A coronavirus related to SARS-CoV-2 has been isolated from Malayan pangolins illegally imported into Guangdong province. It is not the precursor of SARS-CoV-2, but comparison of viral genome sequences provides further evidence that the virus currently infecting humans was not produced in a laboratory.
There are two important sequences in the viral spike glycoprotein (pictured) that are important for tracing the origin of SARS-CoV-2: a furin cleavage site (discussed last week) and the receptor binding domain (RBD).
The results of experiments in cells in culture have shown that the SARS-CoV-2 spike glycoprotein binds the cell receptor ACE2. Six amino acids in the RBD are critical for binding to this receptor. Five of these six amino acids differ in the RBD of SARS-CoV-2 compared with sequence from the bat virus RaTG13, the most closely related virus. The SARS-CoV-2 spike glycoprotein binds ACE2 with high affinity, an outcome not predicted by computational analysis of the RBD sequence. If someone were to engineer an RBD into a bat SARS-like CoV to allow efficient infection of human cells, they would not use the amino acid sequence in the SARS-CoV-2 spike. Rather the specific sequence was likely selected during replication in cells with human-like ACE2.
As discussed previously, the furin cleavage site in the SARS-CoV-2 spike is not present in the bat virus RaTG13. Its acquisition could allow enhanced infection of human cells. In addition to the furin cleavage site, an extra proline is also present, a change predicted to lead to the addition of O-linked glycans in the vicinity. If someone were to engineer the furin cleavage site into the spike, it is not likely that the extra proline would have been included. Furthermore, the addition of such glycans typically occurs under immune selection.
The genome sequences of CoVs recently isolated from pangolins are not close enough to SARS-CoV-2 to have been its immediate progenitor. However, the RBD of these pangolin CoVs are identical to that of SARS-CoV-2 at 6 of 6 of the key amino acids discussed above. This observation indicates that passage of CoV in a host with human-like ACE2 could select for a RBD with high-affinity binding. Such passage could also select for insertion of the furin cleavage site, which is not present in pangolin CoVs.
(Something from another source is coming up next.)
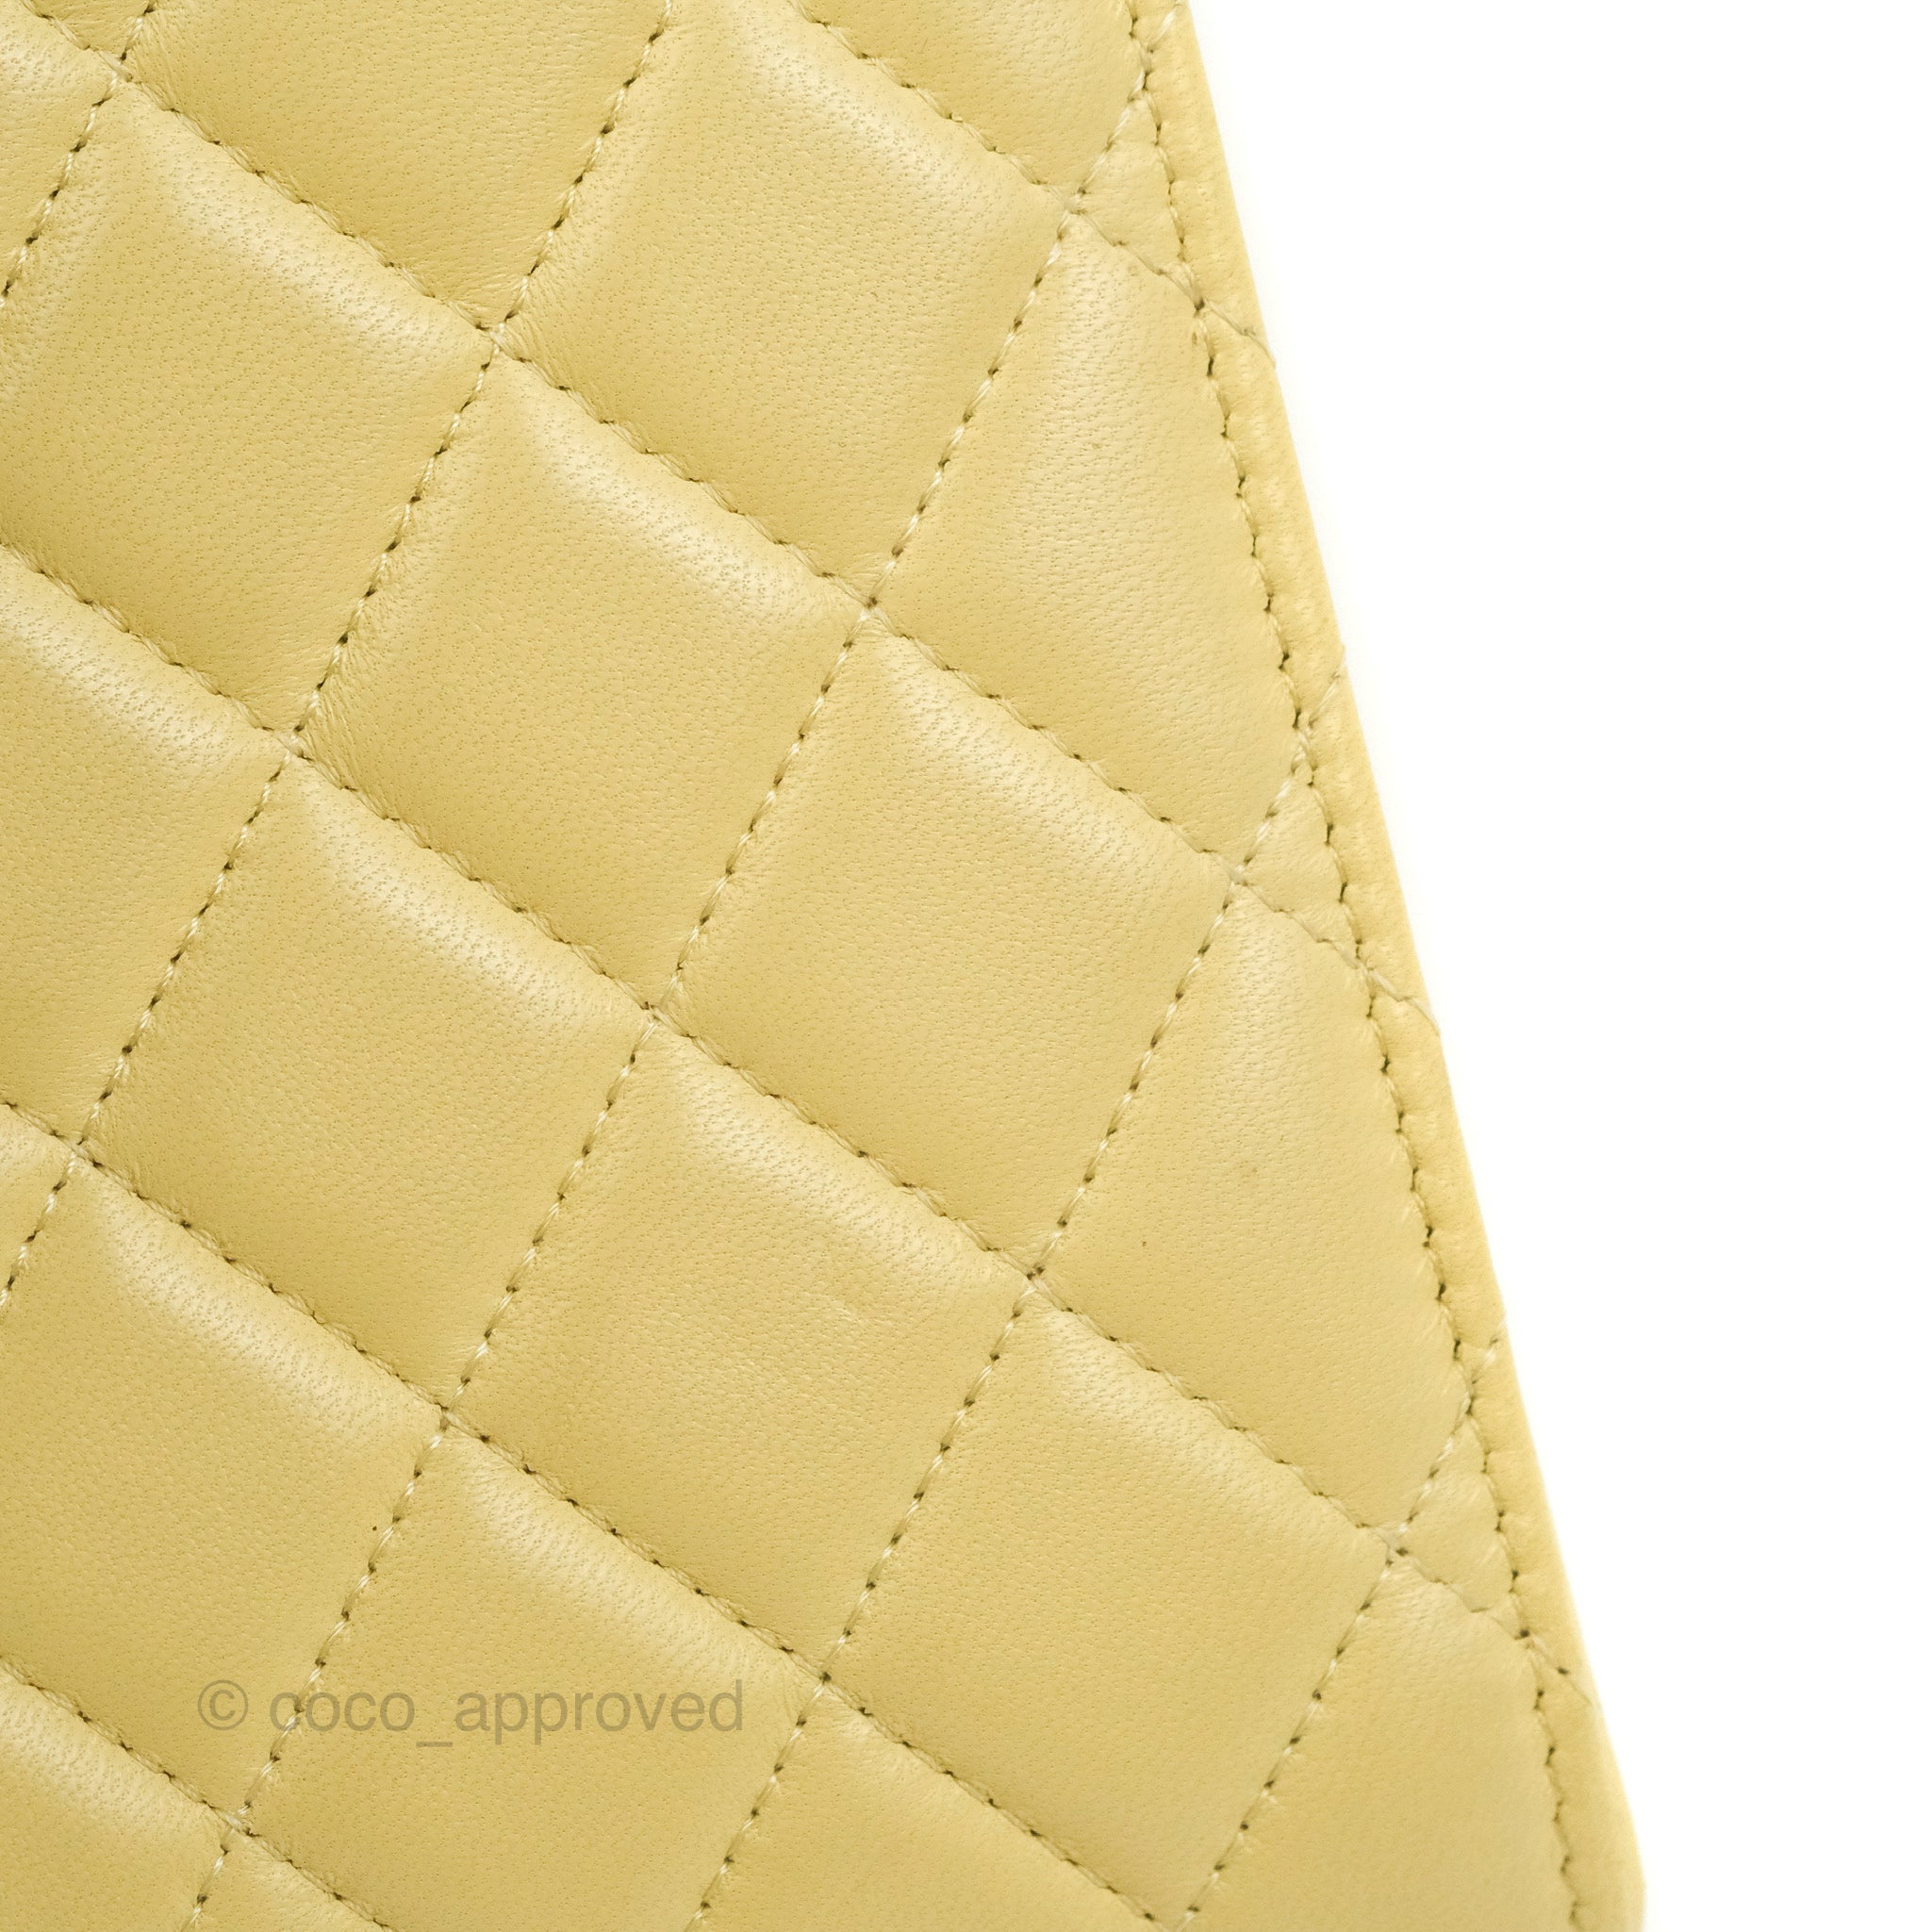 chanel wallet yellow

Once a virus with the appropriate RBD and furin cleavage site arose in an animal – a bat or intermediate host – it would then replicate once introduced into humans.
Another possibility is that viruses with the correct RBD have been repeatedly jumping into humans, but efficient human to human transmission was not established until the acquisition of the furin cleavage site. Such is the scenario with MERS-CoV, which has jumped multiple times from camels to humans, but each chain of infection is short and soon ends. The virus has never become established in humans because the required mutations have not entered the viral genome. Serological surveys specific for SARS-CoV-2 might test this hypothesis for its emergence.
Could laboratory passage of a bat SARS-like virus lead to isolation and accidental emergence of SARS-CoV-2? This scenario would require starting with a virus that is very close to the current isolates. Passage in cell culture might have selected for the RBD amino acid changes to enable high affinity ACE2 binding. However this virus would have had to be very similar to SARS-CoV-2, and no such isolate is known to be present in any laboratory. Selection of viruses with a furin cleavage site would likely have taken extensive passaging in cells. Finally, it is unlikely that the O-linked glycan addition site would have emerged without immune pressure, which is absent in cell cultures.
Proving or disproving any of these hypotheses for the emergence of SARS-CoV-2 might never be possible. Nevertheless, isolation of SARS-like viruses from a variety of animals might help to clarify the steps to emergence in humans. For MERS-CoV, a priority should be to prevent human infections, perhaps by immunizing camels, to avoid the emergence of another epidemic CoV with sustained transmission in humans.